Последняя жизнь (СИ)
- Поч-ч-ч-чему ты р-р-р-раздел-л-л-лся? Х-х-х-холодно! – отстукивает он посиневшими губами.
- П-п-п-потому что сейчас п-п-п-полетим, а я н-н-н-не х-х-х-хочу идти п-п-п-по Мар-р-р-ру г-г-г-голым, - объясняет Шерлок. – П-п-п-п-привяжи м-м-м-мою од-д-д-д-дежду к себе. И с-с-с-смотри, не п-п-п-потеряй, ин-н-н-наче сам п-п-п-пойдешь в т-т-т-трусах до г-г-г-гостиницы.
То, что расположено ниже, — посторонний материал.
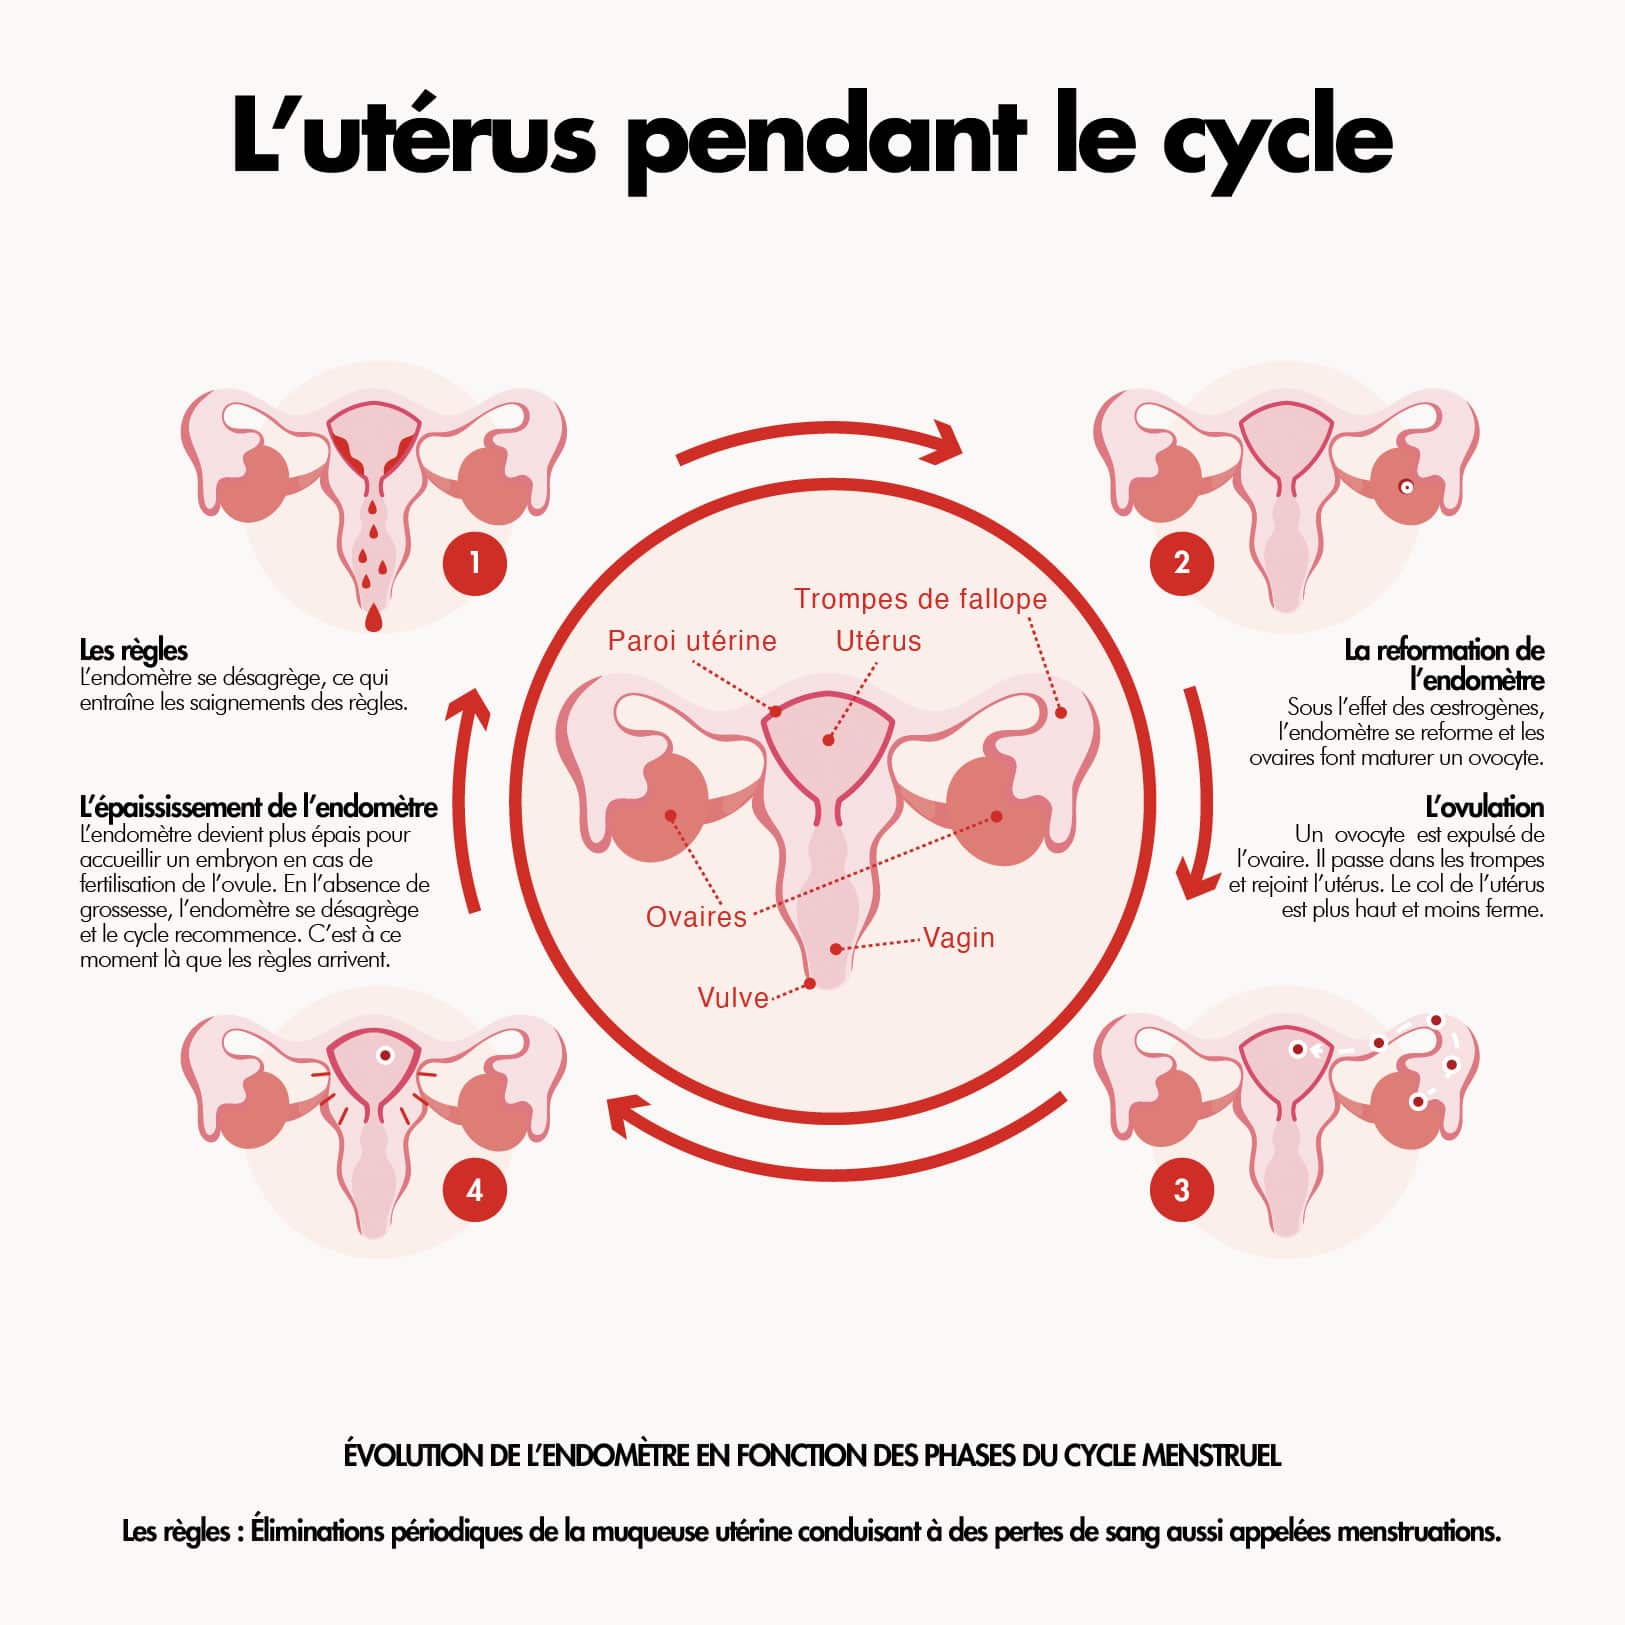 Le cycle menstruel fonctionnement de l'utérus pendant le cycle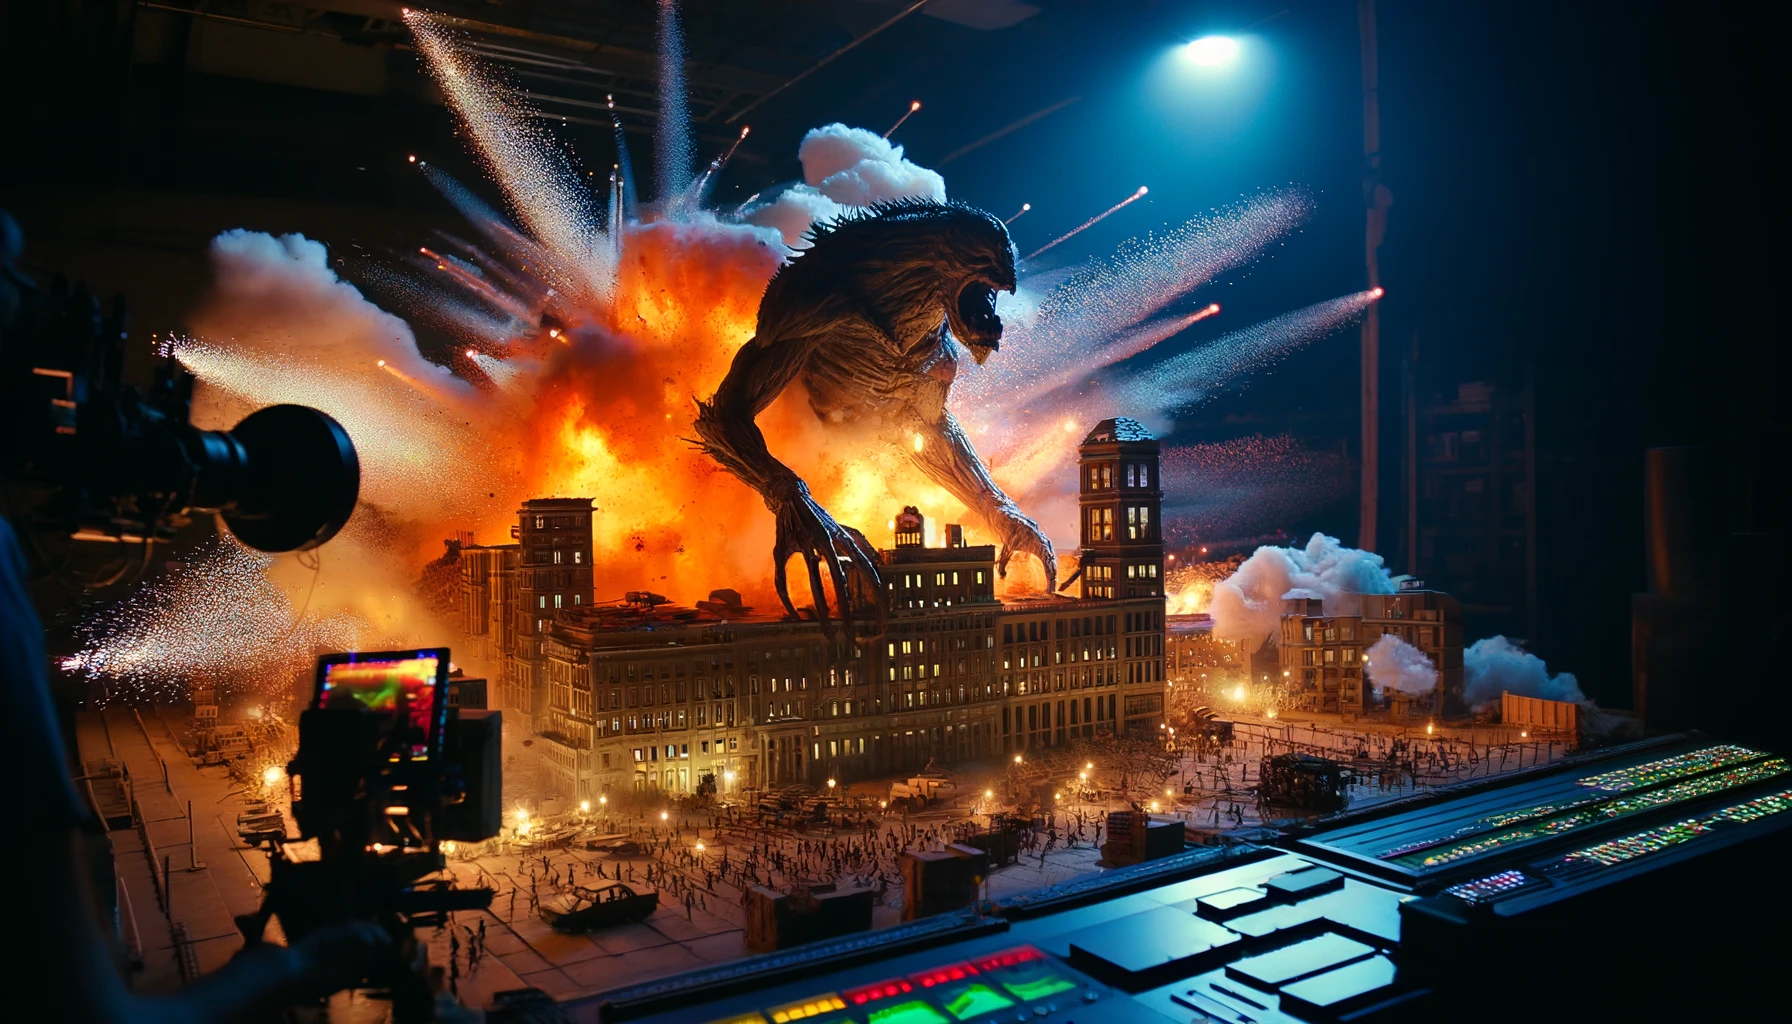 Spezial Effekt (SFX) Explosion eines Gebäude durch ein Monster

- Л-л-л-ладно, п-п-п-понял, п-п-п-привяжу, - Джон делает из комбинезона Шерлока узел, в который засовывает нижнее белье и ботинки, а потом привязывает узел к поясу своего комбинезона. – Т-т-т-так п-п-п-пойдет? – он разгибается, намереваясь спросить, что Шерлок задумал, как они полетят и почему для этого нужно быть голым, но тут способность говорить покидает на неопределенное время, потому что перед ним стоит сфинкс. Нет, не так, перед ним стоит СФИНКС. Тот самый, из легенд и сказок, с телом льва, головой человека и крыльями орла. Джон громко икает и пятится, потому что сфинкс просто огромный.
- Остановись, рыбка Джонни, - звучит в голове величественно низкий голос Шерлока, хотя сам сфинкс не открывает рта, только смотрит внимательно на Джона, чуть наклонив голову. – Еще чуть-чуть, и упадешь в пропасть, - Джон послушно замирает, не в силах ослушаться этого волшебного голоса. – Забирайся мне на спину, обними за шею и держись крепко. Немного полетаем.
Джон послушно выполняет инструкции, хотя забраться на здорового льва сложно. Но сфинкс решает проблему быстро, с помощью хвоста, которым просто закидывает Джона себе на спину. Последнему остается только крепко обнять гигантское животное за шею и прижаться щекой к нежной шелковистой шерсти. Сфинкс мягкий и теплый.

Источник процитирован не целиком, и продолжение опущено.